Significantly, for a user centered evaluation of system performance, proponents of a utility measure raise some doubts as to the compatibility of the assumption that systems should aim to high recall and precision performance (Cooper, 1973). In their review Harter and Hert (1997, p.15) point to research which support Cooper's Utility Theory suggesting that users are not interested in topicality, precision, and exhaustive high recall but in the usefulness of the documents retrieved. Cleverdon (1991) asserts that recall is rarely a user requirement in operational systems. Meadow (1986) suggested that users are unconcerned with precision, and Sandore (1990) found that precision did not correlate with user satisfaction. More recently Su (1992) in an empirical investigation sought a single measure of system success for the evaluation of interactive systems from a user-perspective. She justifies the requirement for an evaluation methodology for system comparison and choice which involves the end user and their information problems in realistic operational IR situations. To this end, she posed the question whether, by correlating twenty measures of retrieval performance with users' overall judgement of system success, a single best indicator of a successful performance could be found. Her correlation identified seven significant variables and based on the strength of the correlation she found 'value of search results as a whole' to be the best single measure. This measure of utility, distinguished from the criteria of aboutness used in a relevance measure, was based on the users' satisfaction with and value of the retrieved items as a whole with respect to the actual usefulness of the items to the information searcher.

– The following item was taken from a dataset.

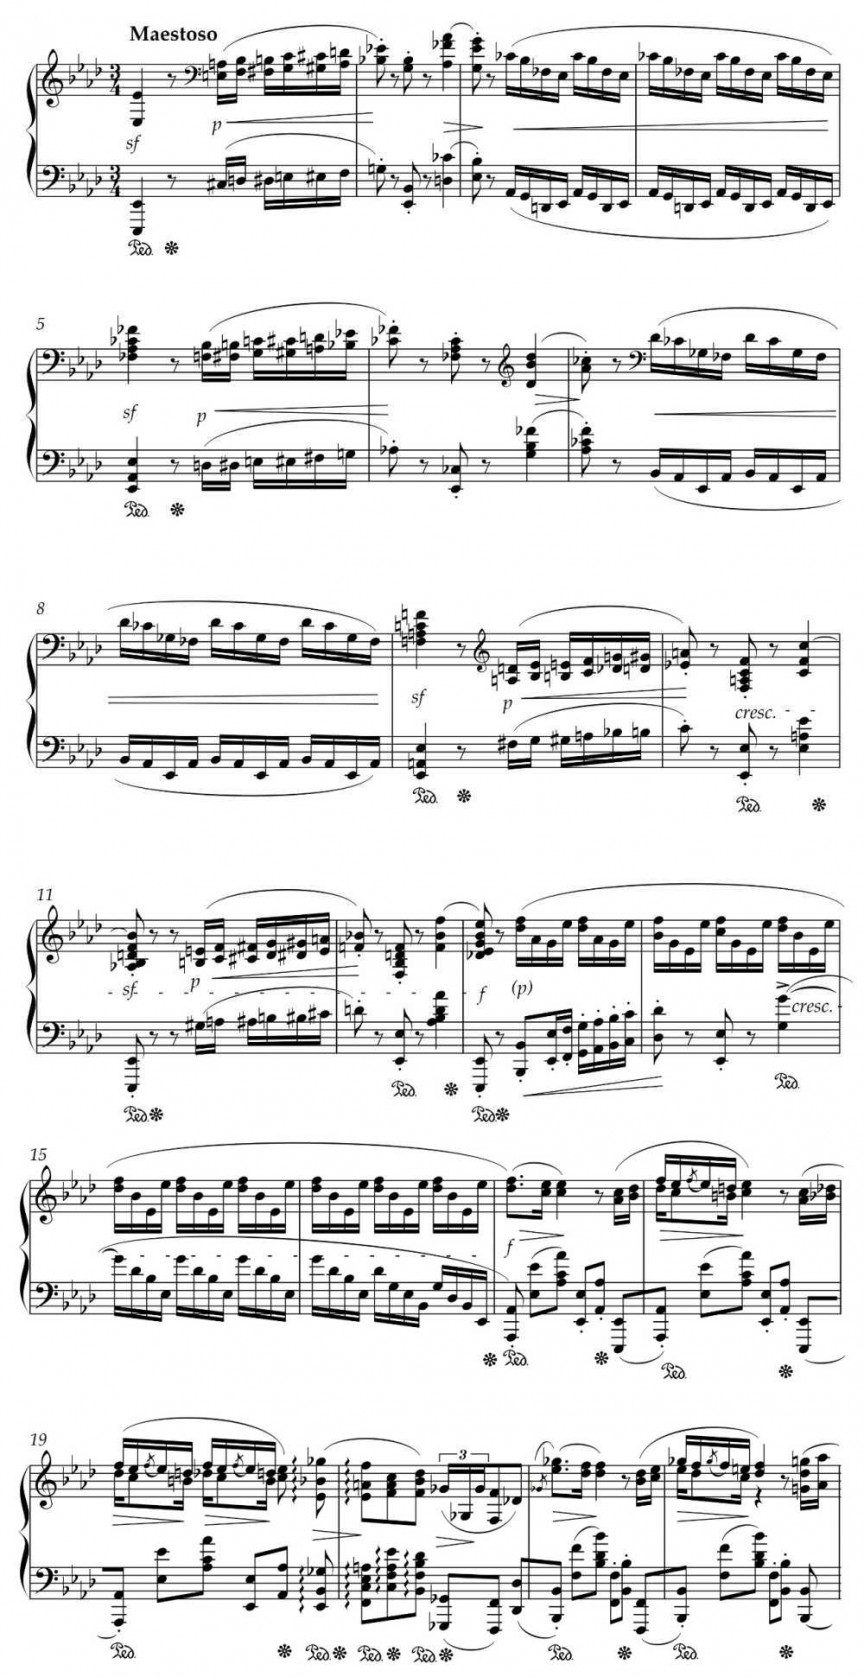 Ex. 3: Frederic Chopin: Polonaise in A flat major, Op. 53 “Heroic”. Bar 17 is the moment of arrival; graph shows tempi for bars 9-24.

The arguments for testing the performance of operational systems based on user judgement of output relevance or utility are strong, but add a layer of complexity to the evaluation methodology. Recall and precision measures can be applied to demonstrate, for example, the effectiveness of techniques for stemming in retrieval systems. The implications, in terms of understanding the influence of system components, on performance based on utility measures require careful consideration and interpretation. A range of system factors, such as those offered by search engine developers (see above, such as speed of operation, quality assurance of results to presentation of results) could impact on a user's judgement of system success based on utility. For example, a user's judgement of the value of the results may be partially determined by how novel the results are. In such an instance the order of presentation of the results is likely to impact on this judgement. Equally, a user may be influenced by the speed at which he/she is able to identify useful documents enabled partially by the effectiveness of the ranking technology. Few studies, however, attempt to investigate the impact of system components or mechanisms on user judgement of the search results. The closest in evaluative studies of search engines which investigate system features as an explanation for the results obtained and impact on user satisfaction are those which look at ranking.
3.2.1.1 Ranking
Courtois and Berry (1999) expressed their surprise in finding that little research has been done on search engines ranking of documents in response to simple search queries, given that "results ranking has a major impact on users' satisfaction with web search engines and their success in retrieving relevant documents." They go on to point out that whilst judging relevance of the first 10 to 20 retrieved items may be effective in determining precision, it is not how users use the result list. Rather they are more likely to scan the list and retrieve only selected documents. In their research they judged the ranking of search engines based on the criteria "all terms" (are documents that contain all search terms ranked higher?), "proximity" (are documents which contain all terms ranked higher where the search terms are contained as a contiguous phrase?), and "location" (are documents which contain all search terms ranked higher where the search terms are contained in titles, headings or metatags?). They then speculated on the linking of the results to search features of the systems. For example, Lycos performed well on the "all terms" criterion and the default use of the operator AND may have enabled this. AltaVista performed well on the "proximity" criterion which may be a result of its weighting for proximity in the ranking algorithm. The results for "location" were however reported to be low across all the search engines. Finally, they report that results varied widely by search topic in that some yielded consistent ranking while others produced lists with a few documents that contained all terms scattered among many that did not.
3.2.2 Usability
Usability studies aim to involve the user more in the evaluation in indicating the factors which influence IR interaction and provide some understanding as to why or how these impact on performance. Harter and Hert (1997, p.42) draw on the HCI literature for its definition as a measure of "system ability to provide an effective, efficient, satisfying performance of the users task". The usability of retrieval systems have been researched by a range of measures such as accuracy, error rate, action/ process variables (number of commands, descriptors, screens accessed, search cycles), retrieval (e.g, recall), user perceptions of ease of use and satisfaction. Further investigations have analysed the relationships of such measures with user characteristics such as cognitive abilities.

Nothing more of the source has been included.